Training Big Sparse Recommendation Models on Commodity Servers

Deep learning based recommendation models are one of the larget DNN workload with several TeraBytes in size and trillions of parameters. Training such big sparse recommendation models on low end GPUs is an open problem. Given the limited capacity of GPU HBM, number of GPU’s scale with embedding table size. Other option is to use commodity servers with limited number of GPU’s where embedding tables are placed on CPU main memory. But placing embedding table on CPU main memory faces system bottlenecks and slows down the overall training process.

Goal

The goal of this tutorial is to investigate the system bottlenecks associated with placing embedding on CPU main memory and optimizing the embedding placement on commodity servers without scaling the number of GPU devices. We aim to use our work at VLDB 2022.

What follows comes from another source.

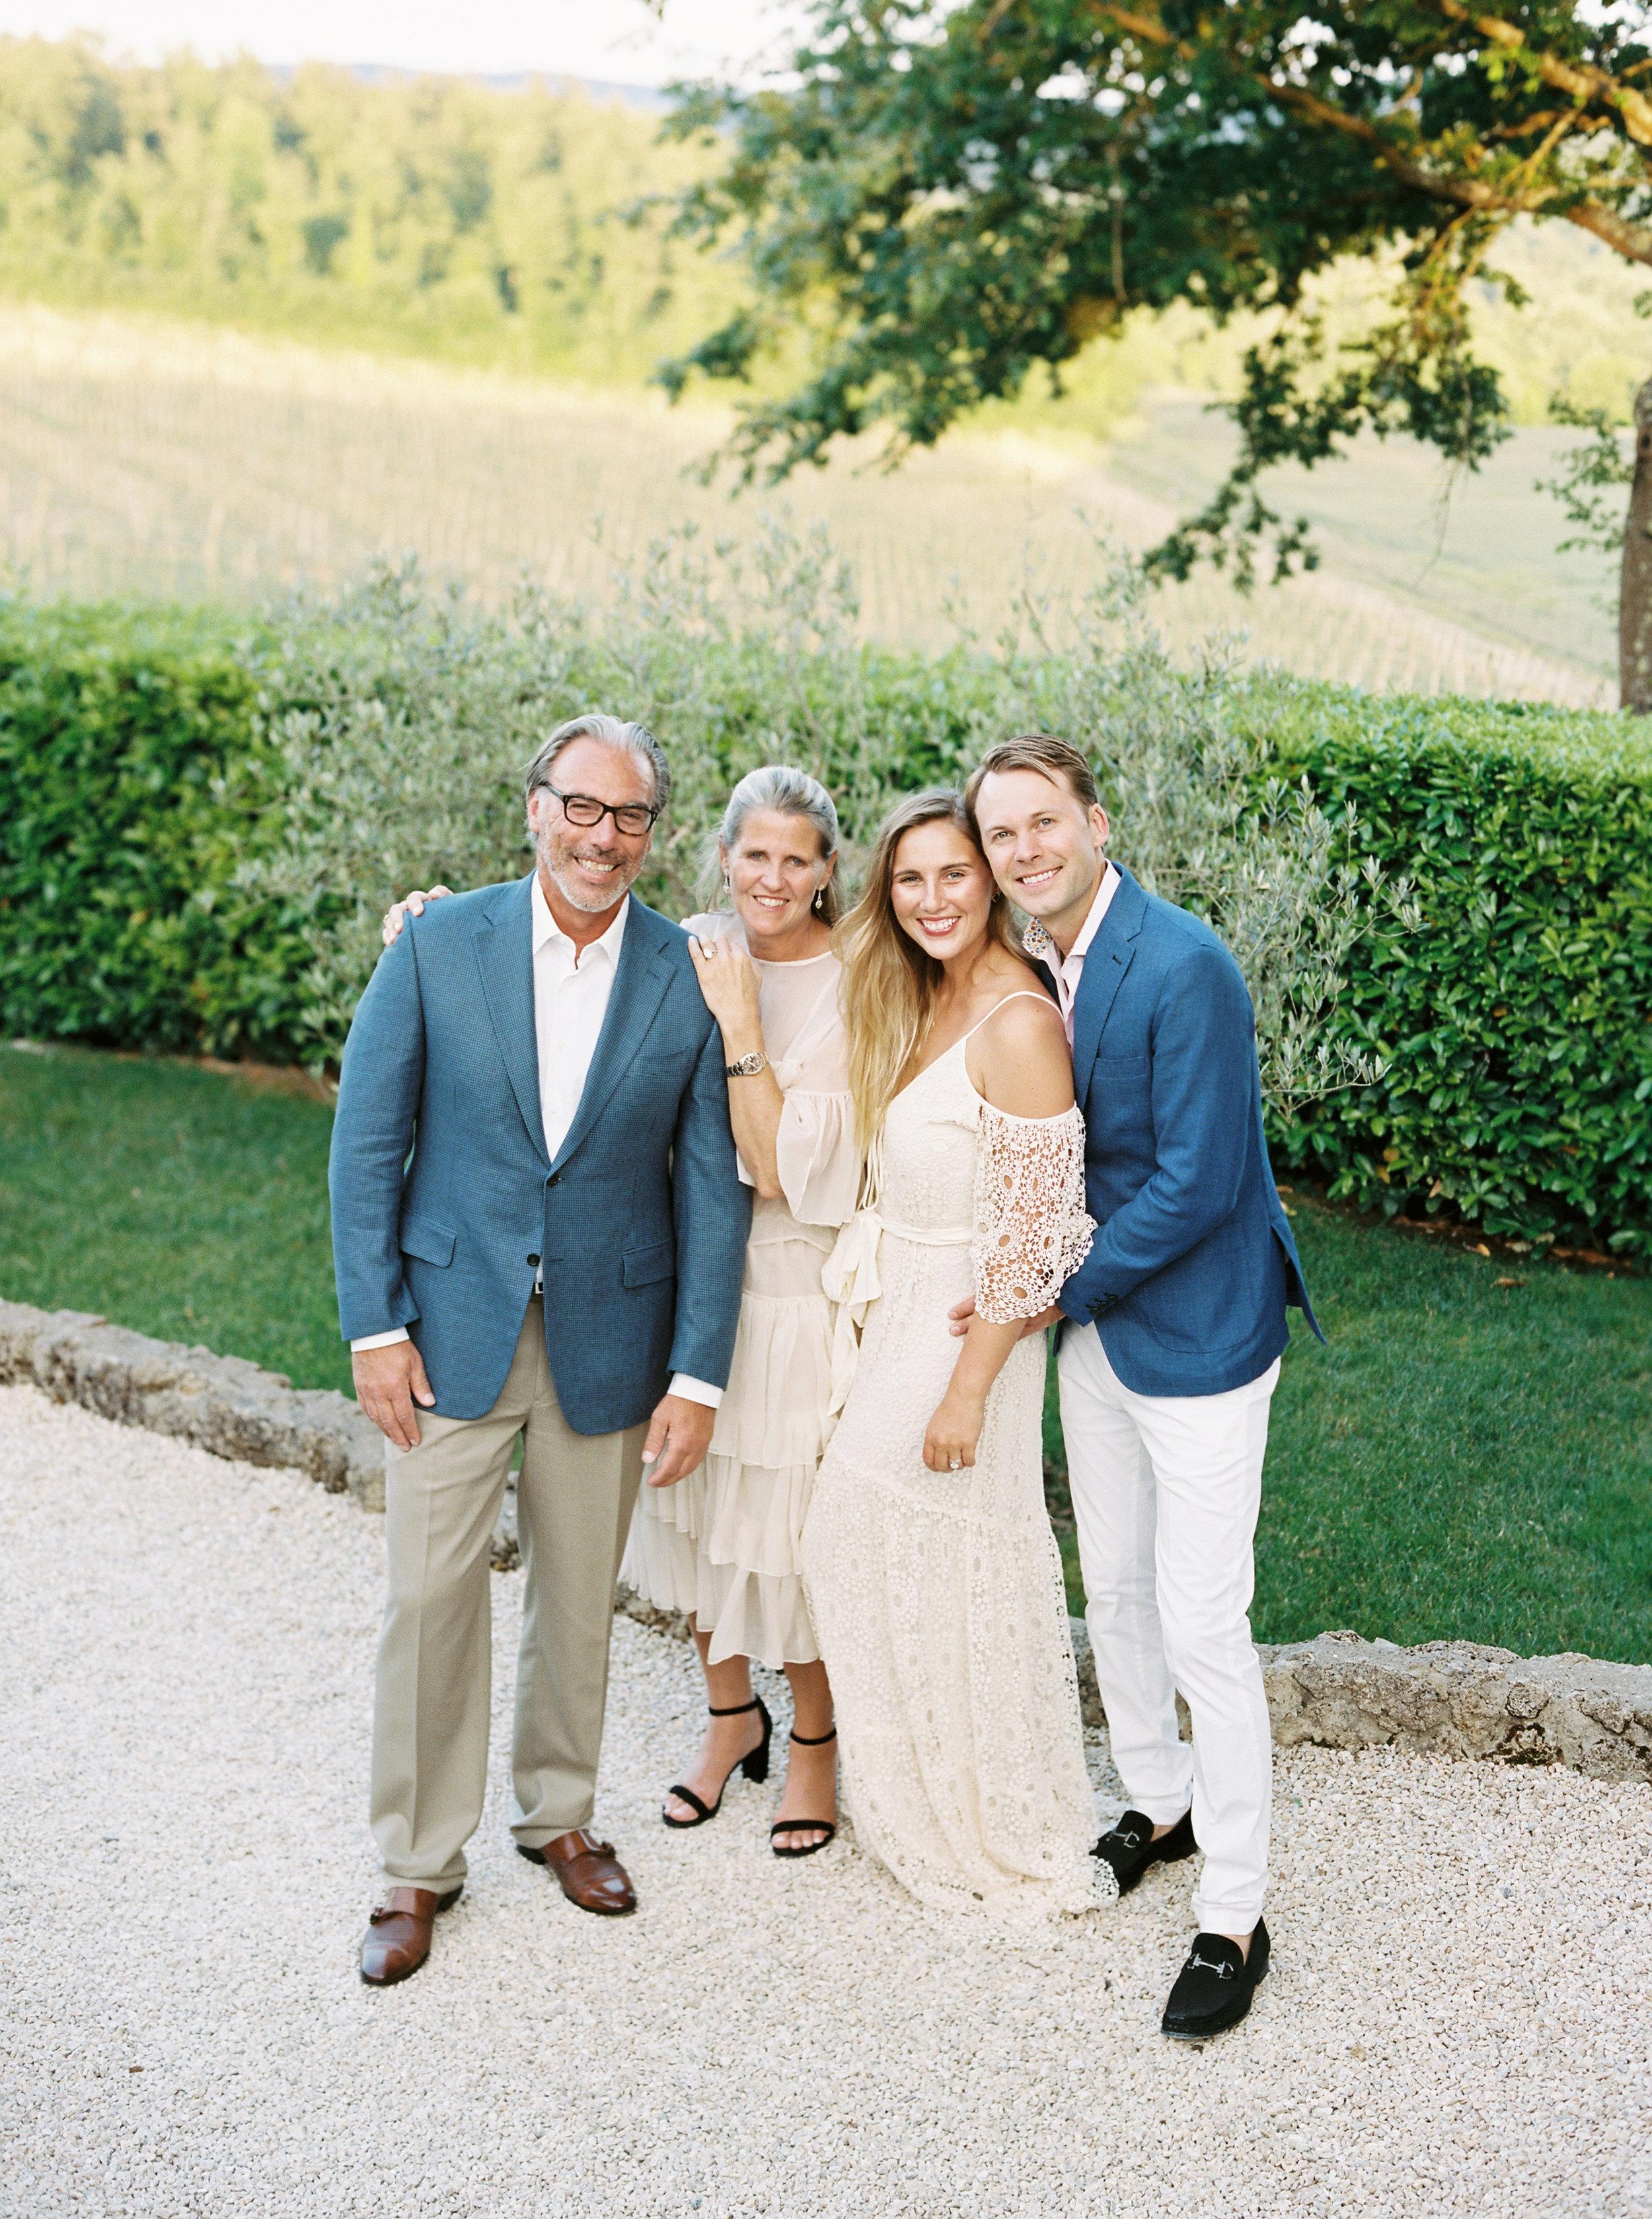 Kyle John l Fine Art Wedding Photography l Chicago, Copenhagen, California, New York, Destination l Blog l Alexis and Zach_Borgo Santo Pietro_Italy_Tuscany_13

  • Understanding the challenges associated with training big sparse recommendation models on commodity servers using real-world data?
  • How to utilize the limited GPU HBM in an efficient way for training big sparse recommendation models.
  • Investigate the popularity within training data and how to exploit the skewness in access patterns into embedding tables.
  • Traininig big sparse recommendation models on commodity servers with limited GPU devices.

Audience

Anyone looking for understanding the basics of deep learning based recommendation models and how to train such models.

Requirements

Pre-requisites

  • Knowledge of basic concepts of deep learning training.
  • Familiarity with PyTorch.

Hardware Resources

  • For the tutorial, we will use Google colab so only a Google account is required.

Schedule

Time (EST) Session Details Speaker Slides
8:00 am Introduction to Recommender Systems Muhammad Adnan Slides
8:20 am Deep Learning based Recommendation Models (DLRM) Prashant J. Nair Slides
8:45 am Challenges Associated with Training Recommendation Models Muhammad Adnan Slides
9:15 am Setting Up resources for training Muhammad Adnan  
10:00 am Coffee Break    
10:20 am Skewness in Embedding Access Pattern Prashant J. Nair Slides
10:40 am Baseline DLRM Training Profiling Muhammad Adnan Slides
11:15 am FAE Training Muhammad Adnan Slides
12:10 am Conclusion Prashant J. Nair